There are many interesting results that can be noted. The black dashed lines show the “size limits” for which we have sharp decreases in the bandwidth for any given stride. For example, as we increase the size from 32 KB, top black dashed line, to 64 KB, the bandwidth dramatically decreases. These limits are indicators of the CPU cache sizes.

The top dashed line corresponds to the L1 cache. It’s the fastest one (thus explaining the greatest read bandwidths), but also very limited in size. Based on the graph, we estimate it to be 32 KB. Next, we have the L2 cache. It’s a bit slower than L1, but larger in size. We estimate it to be 128 KB. Finally, we have the L3 cache. The graph suggests it has a size of 4 MB.

A side-view of the plot helps visualize the cache sizes.

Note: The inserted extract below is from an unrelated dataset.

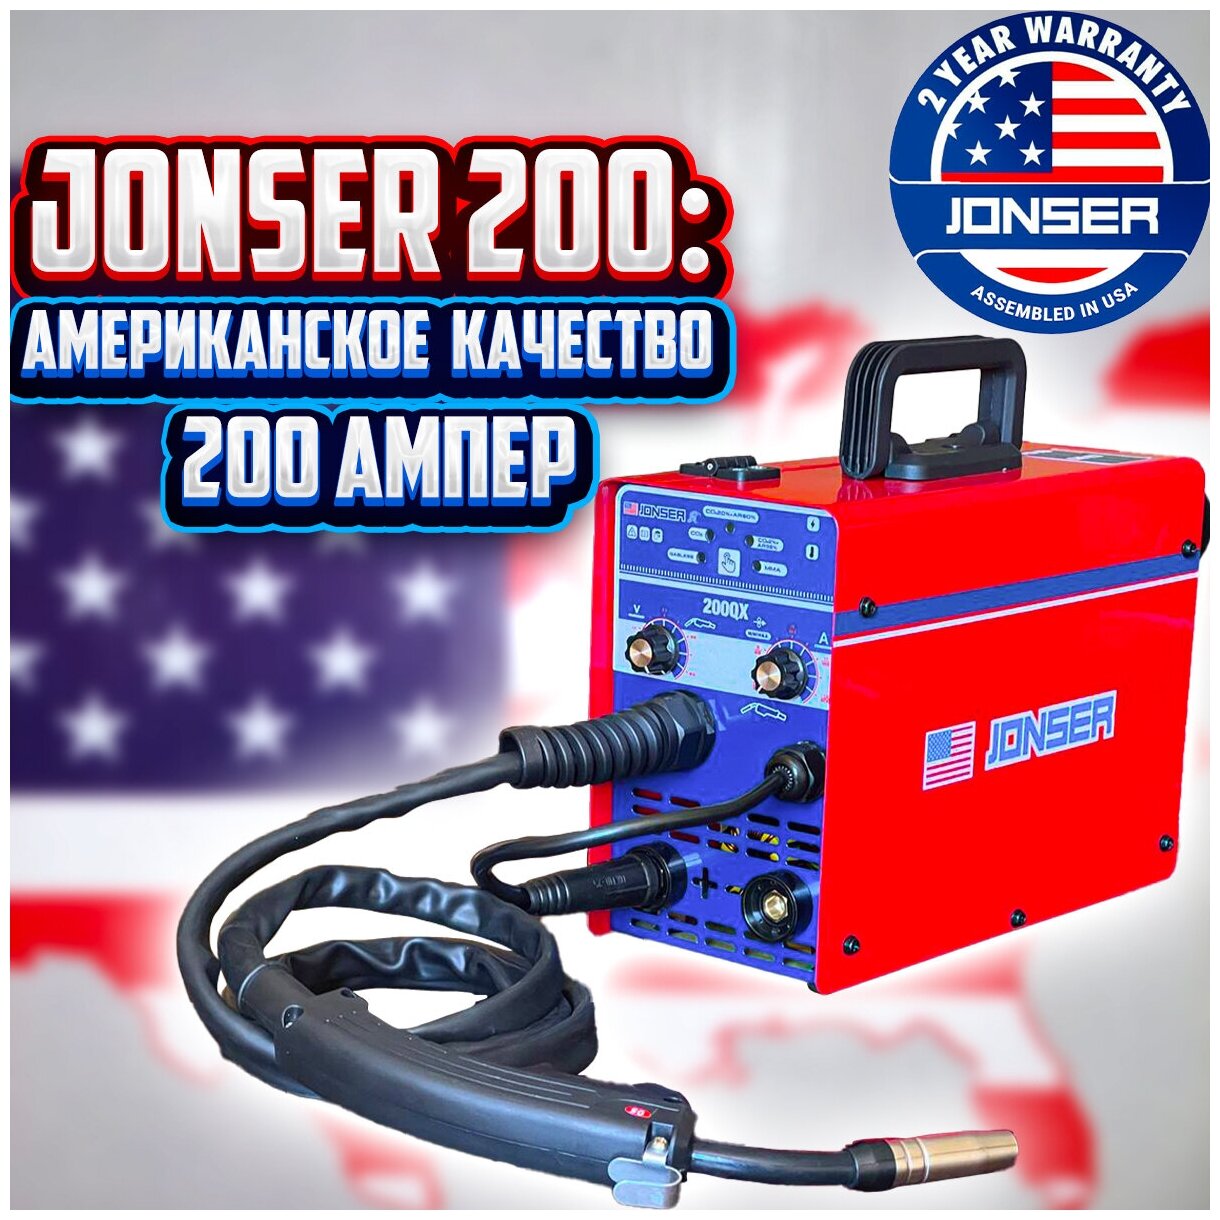 Сварочный полуавтомат JONSER 200 QX. Сварочный аппарат полуавтомат для ремонта/полуавтомат для сварки/сварочное оборудование.
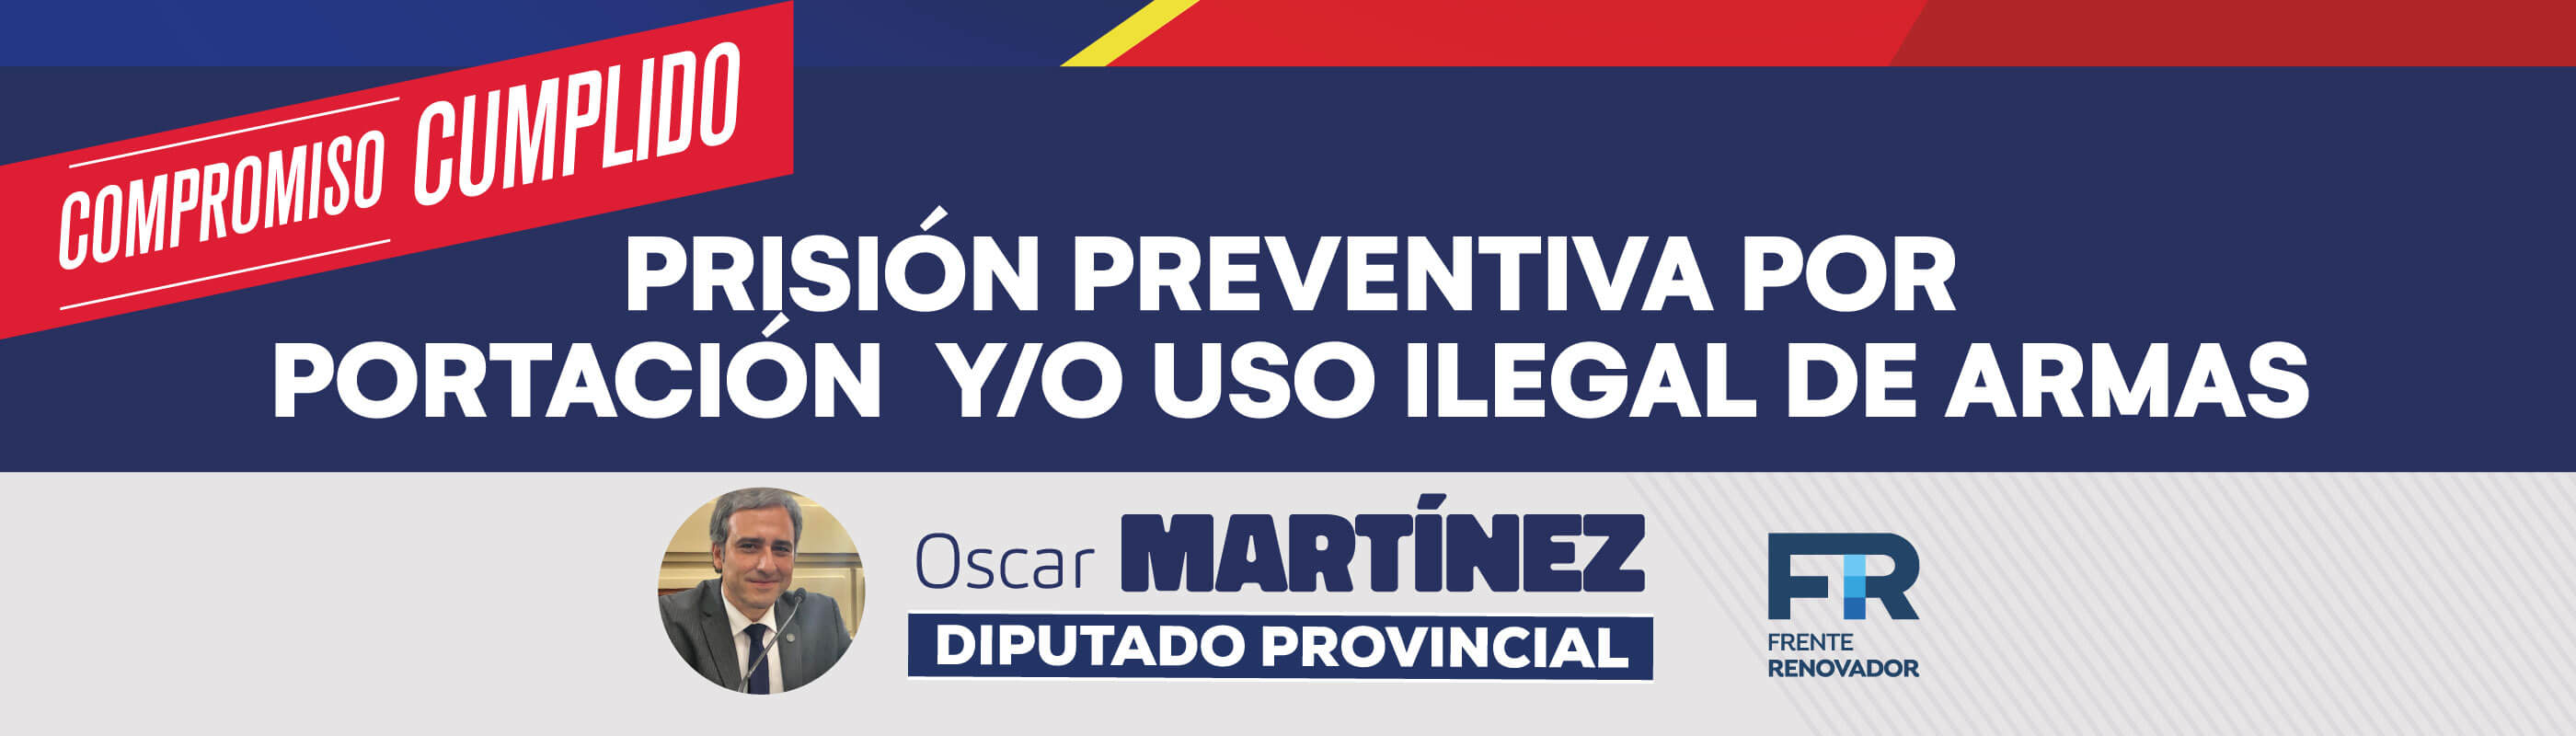 Oscar Martínez - Diputado provincial

Side-view of the memory mountain

The blue zone with the least read bandwidth, corresponds to the main memory (RAM). The CPU cache is unable to store all of the data for sizes larger than 8 MB (given my system’s hardware). Then, the CPU is required to constantly fetch the information from the main memory. This process is relatively slow and dramatically decreases the read bandwidth.

Spatial locality

A second important result can be seen with the decrease in bandwidth as the stride increases for any given data size. The largest bandwidth, for any size, is obtained through sequential access (stride-1). A more detailed analysis of the effect of spatial locality can be seen in my previous post about array reference performance.

Estimated vs. actual CPU cache sizes

My processor is an Intel Core i5. Its CPU cache specifications correspond pretty well with the results of the memory mountain.

CPU CacheSize
L132 KB
L2256 KB
L36 MB

The largest divergence was in the L2 cache size. See that for a size of 256 KB, we get read bandwidths that are in-between a sharp decrease between 128 KB and 512 KB. This could be because the L2 cache is required to store other data besides the array values, being then used beyond its capacity when we test it with an array of 256 KB.

In conclusion

It’s quite amazing to see the effect of low-level hardware on program performance. The most important aspect, however, is what we can learn to write better programs. First, writing programs that process data, as much as possible, in sequential access to exploit spatial locality. And secondly, reduce the size of the working data set that is being processed at a given time to exploit temporal locality.